*Task*. Retype, exactly and with both ends included, the lines below from the one containing "Soccer Tactics World" through the end; omit the pictures.

*Recorded information*.
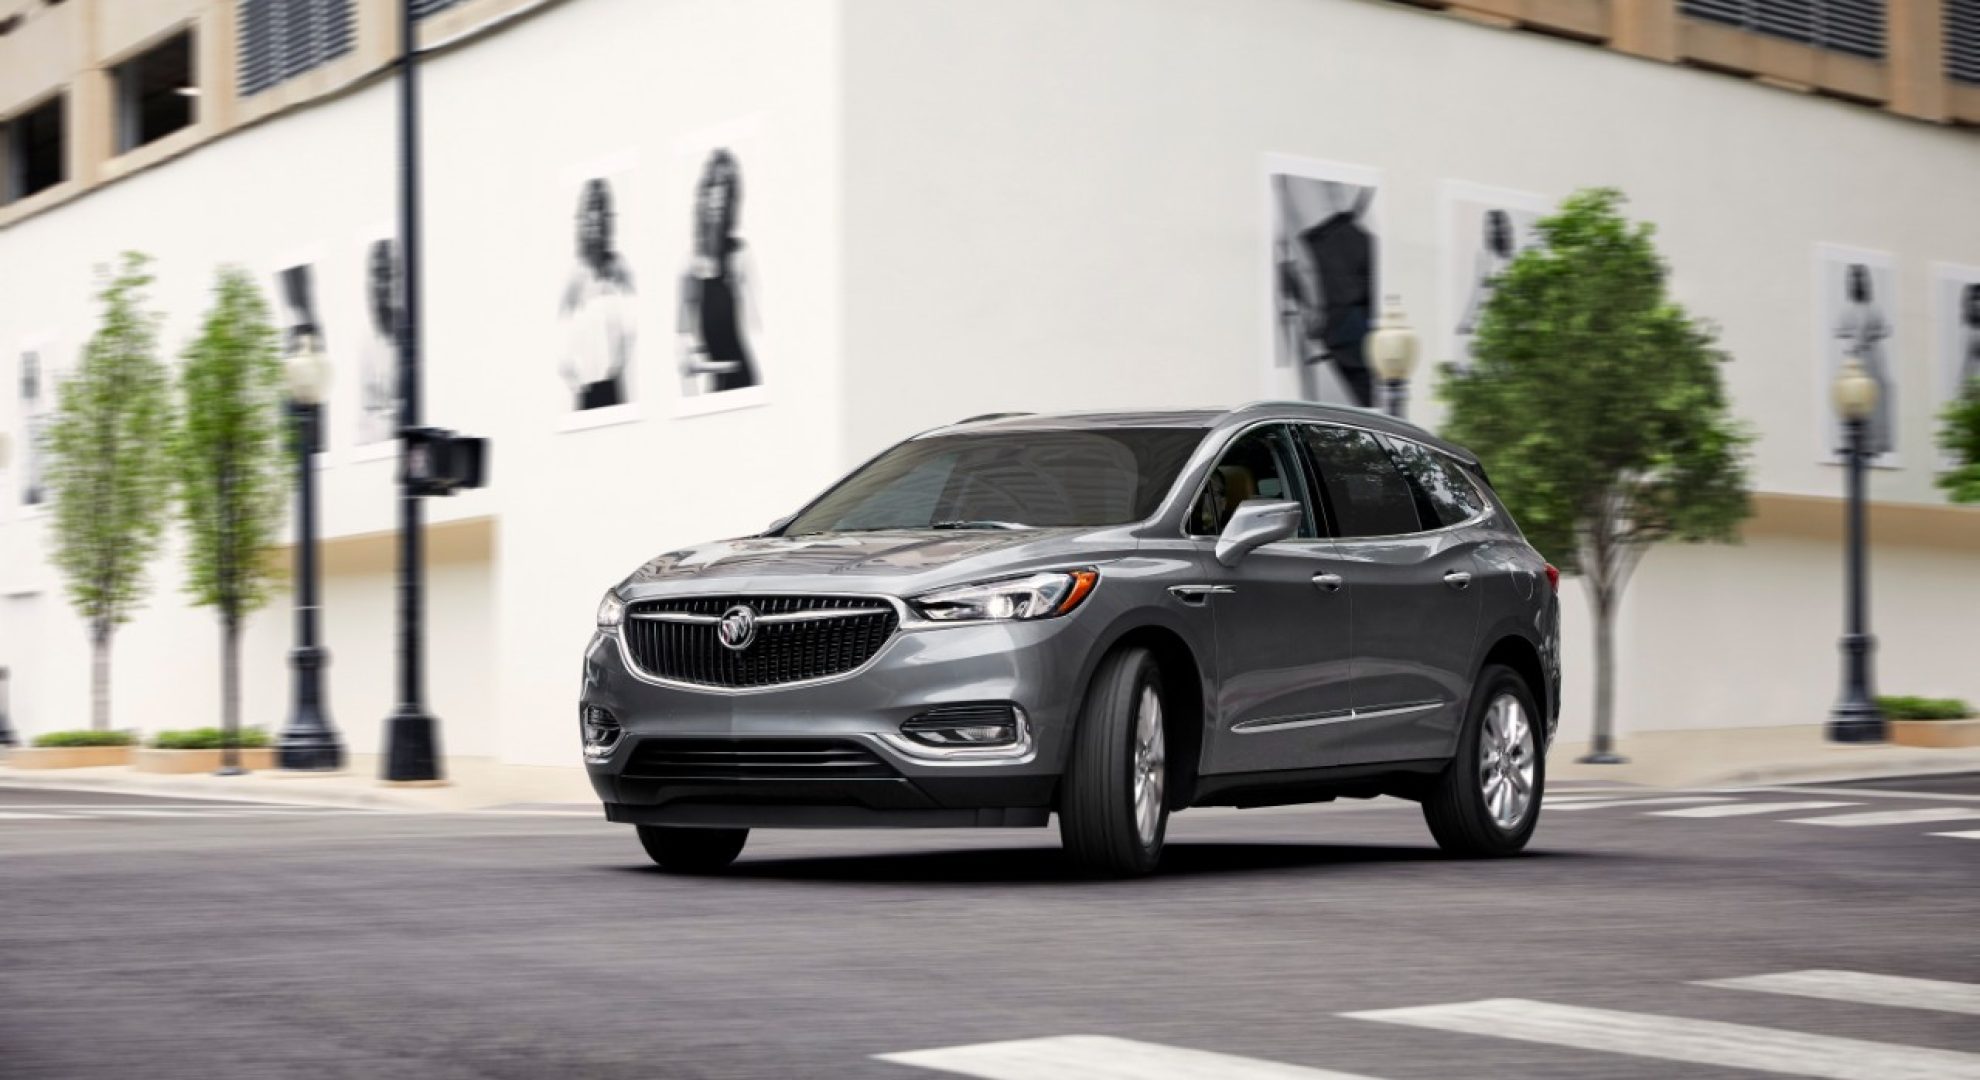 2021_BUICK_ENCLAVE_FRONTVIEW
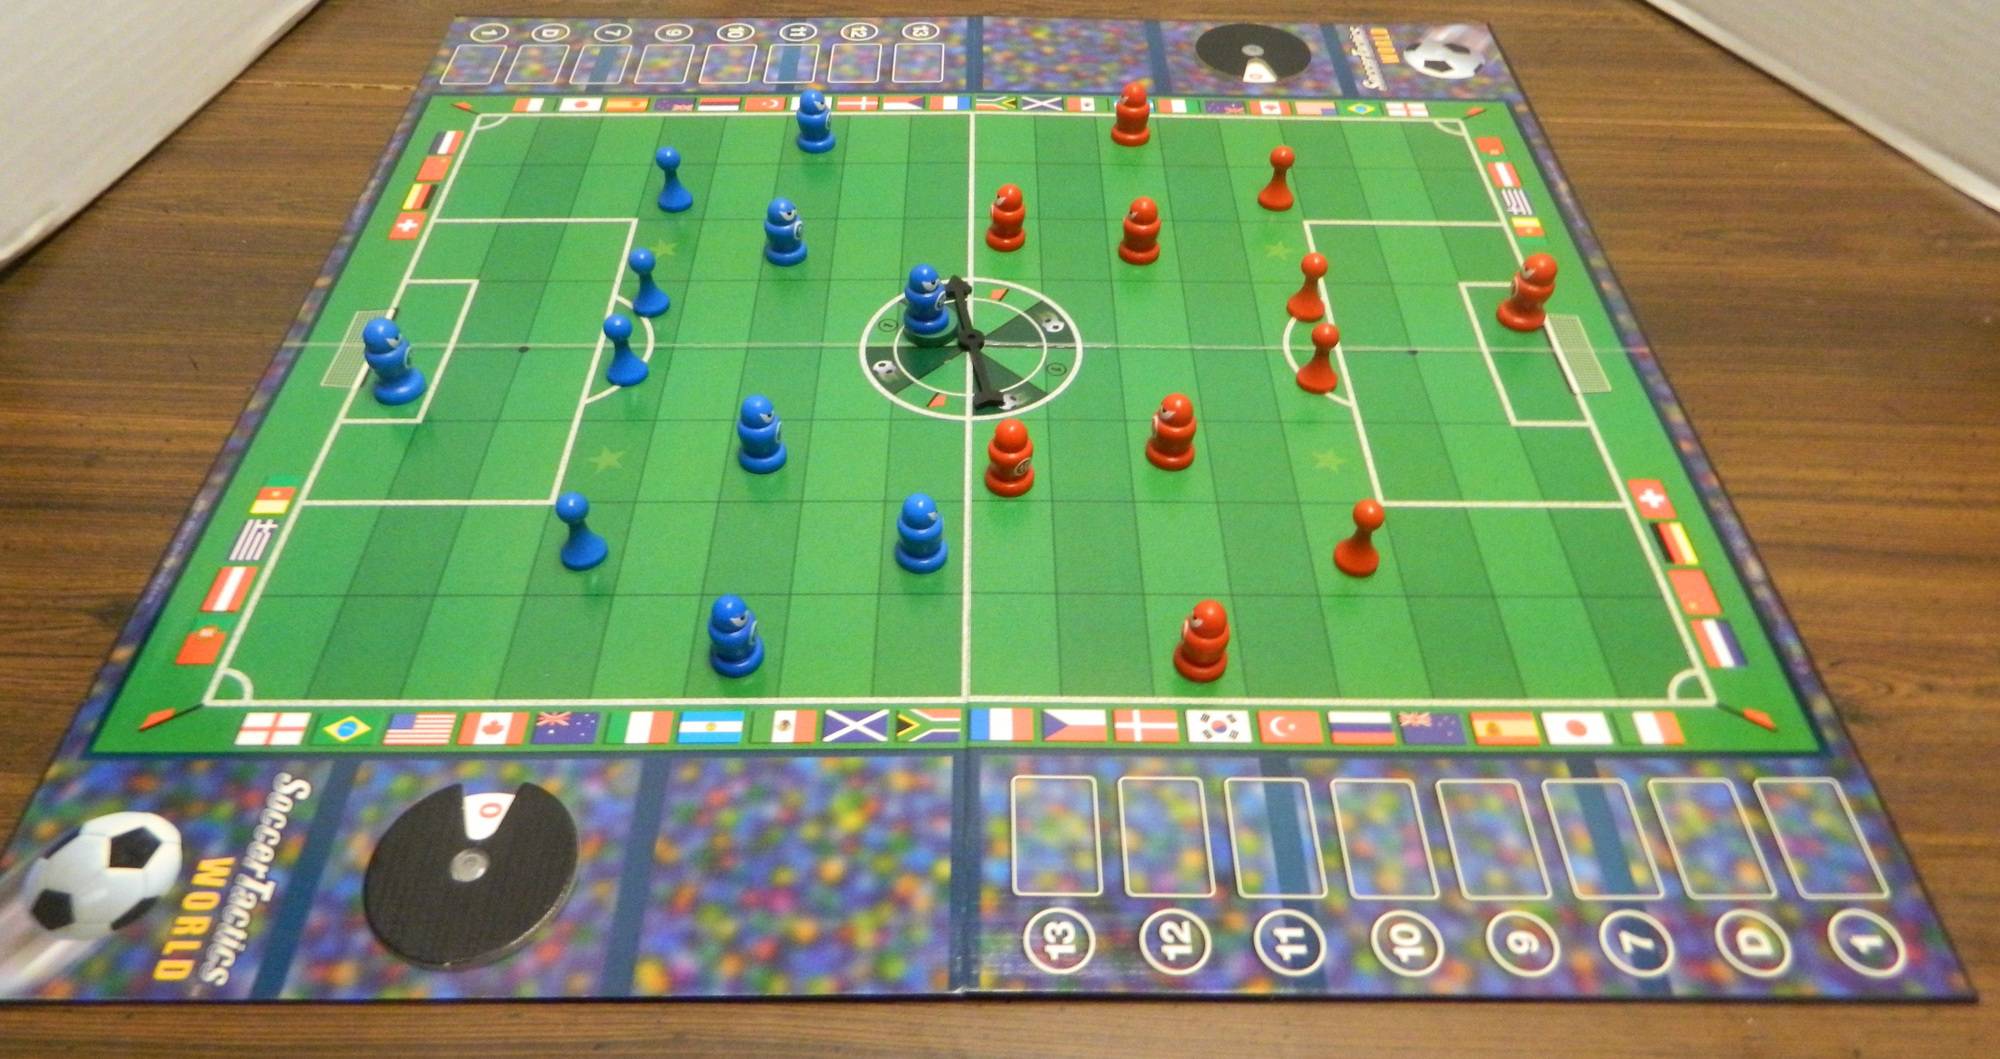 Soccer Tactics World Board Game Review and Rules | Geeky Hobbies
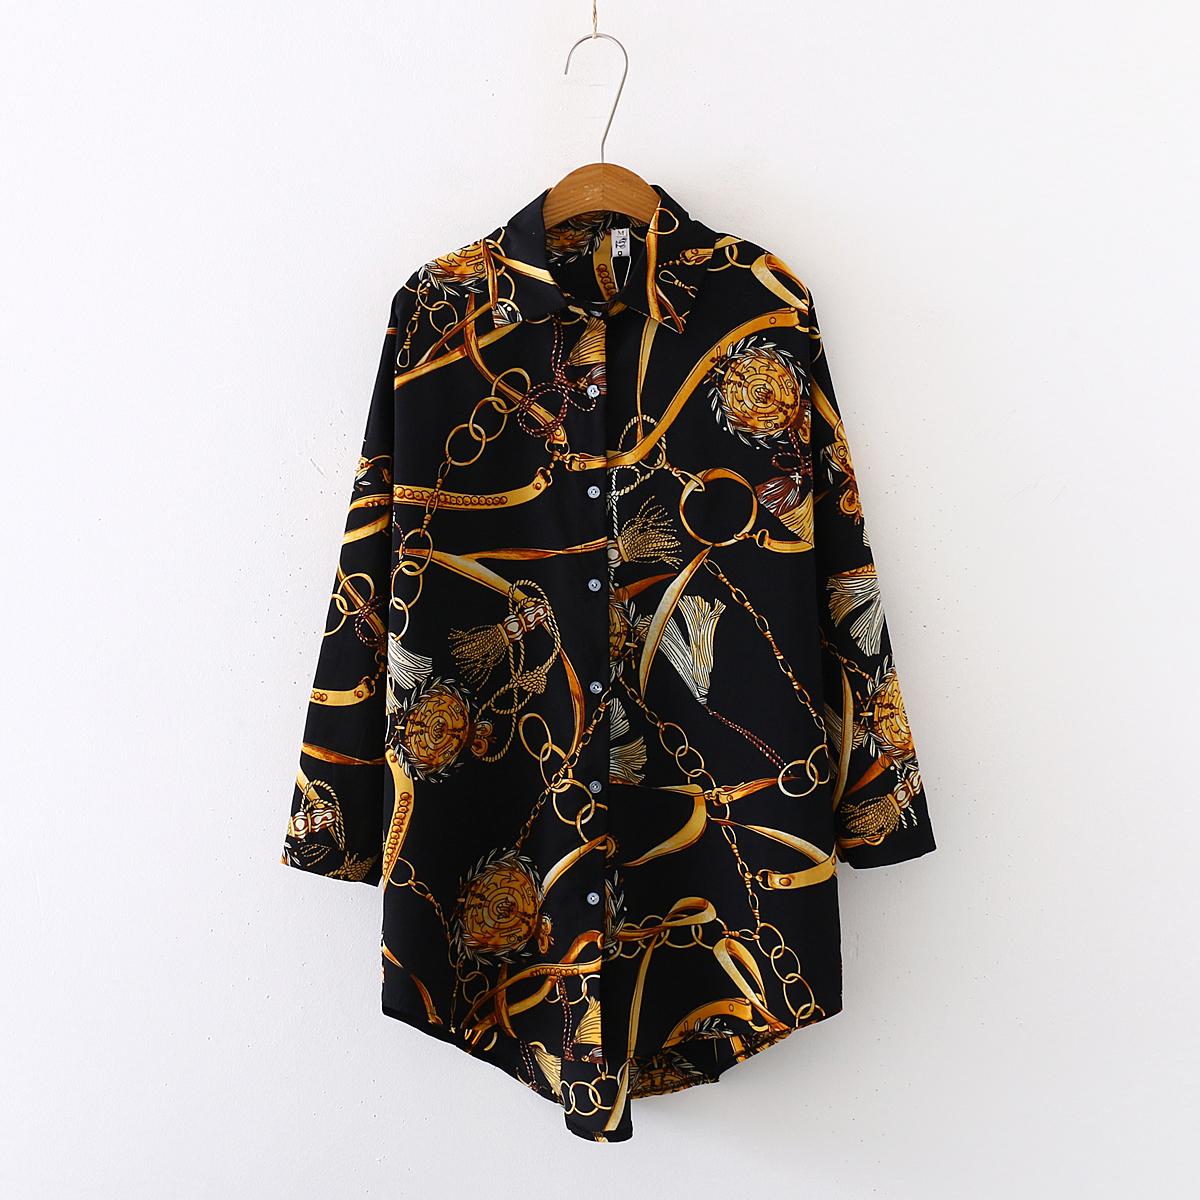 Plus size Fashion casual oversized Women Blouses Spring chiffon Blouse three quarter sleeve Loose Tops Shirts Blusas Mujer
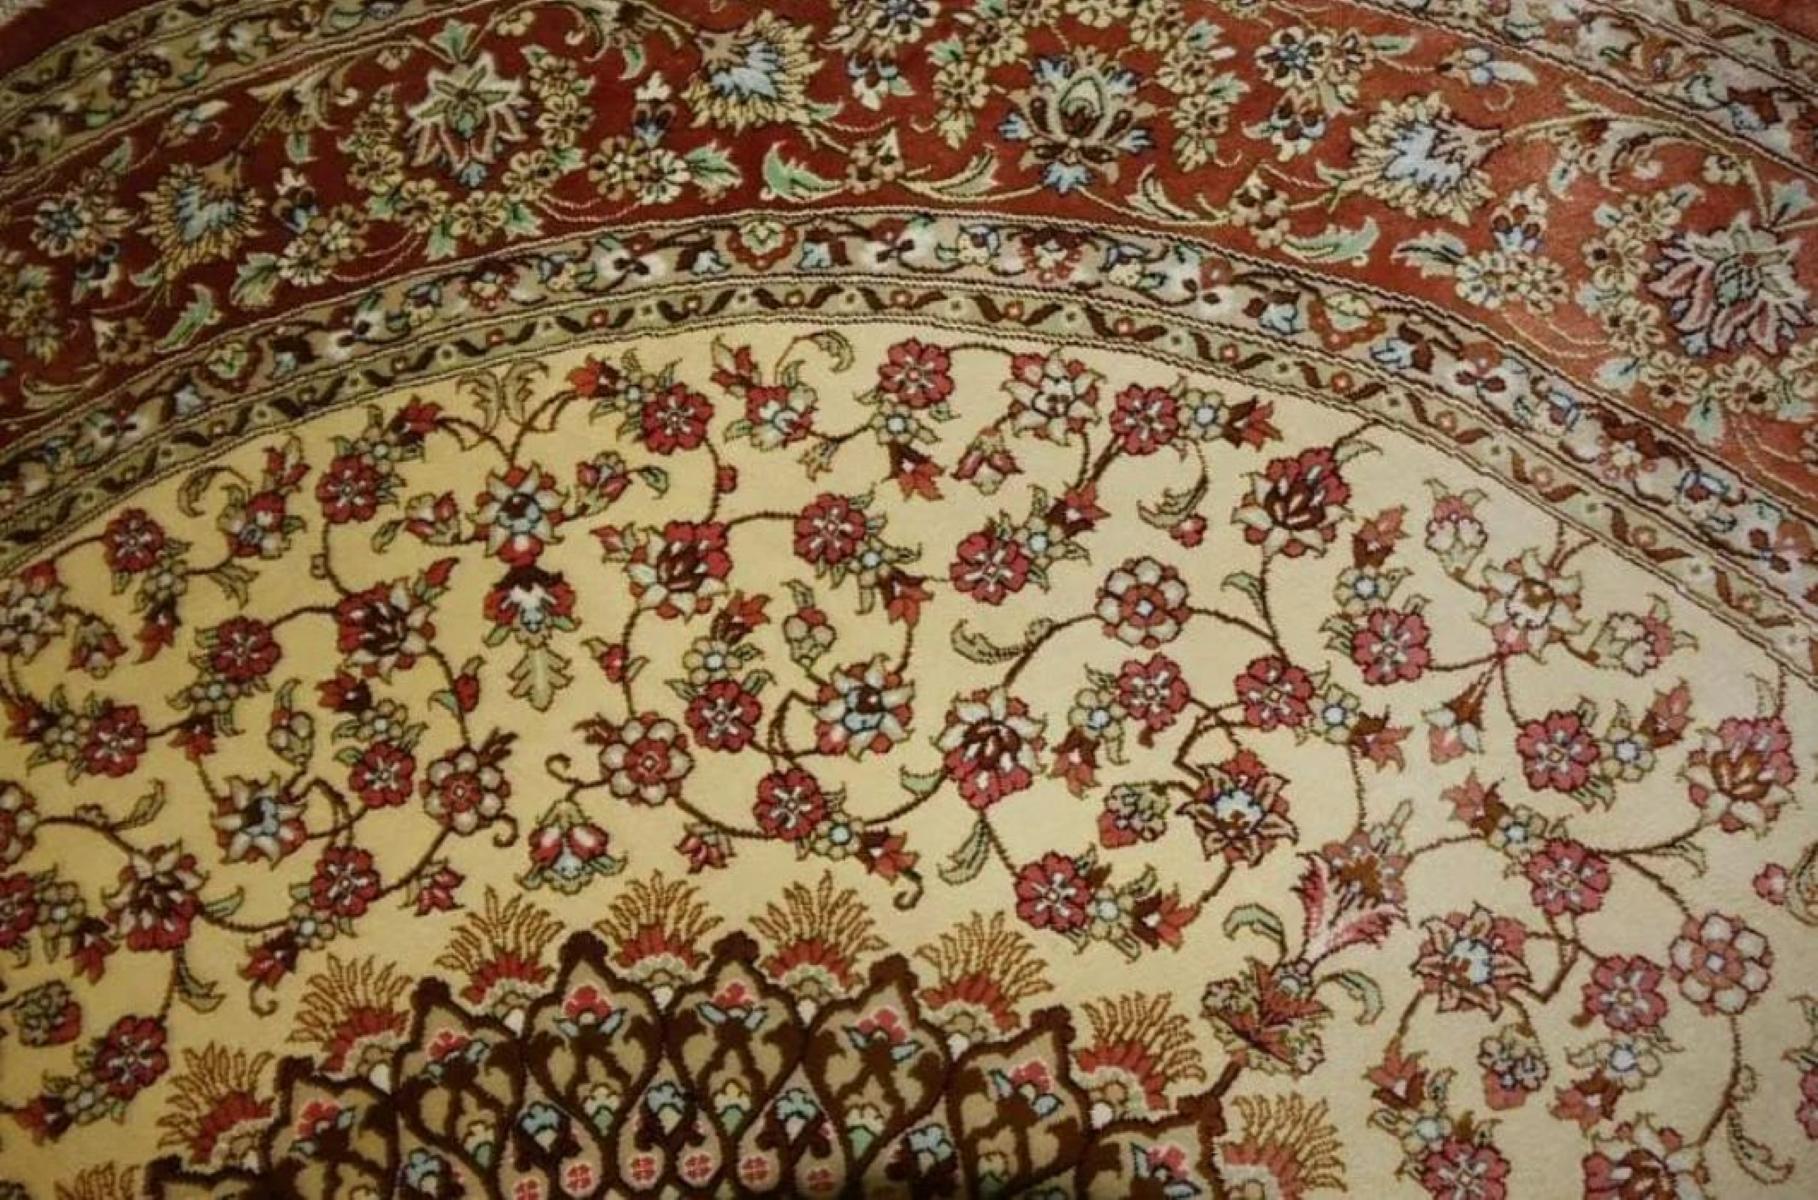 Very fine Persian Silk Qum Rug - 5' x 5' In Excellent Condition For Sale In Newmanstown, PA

*Finished exercise*.
 Soccer Tactics World Board Game Review and Rules | Geeky Hobbies
 Plus size Fashion casual oversized Women Blouses Spring chiffon Blouse three quarter sleeve Loose Tops Shirts Blusas Mujer
 Very fine Persian Silk Qum Rug - 5' x 5' In Excellent Condition For Sale In Newmanstown, PA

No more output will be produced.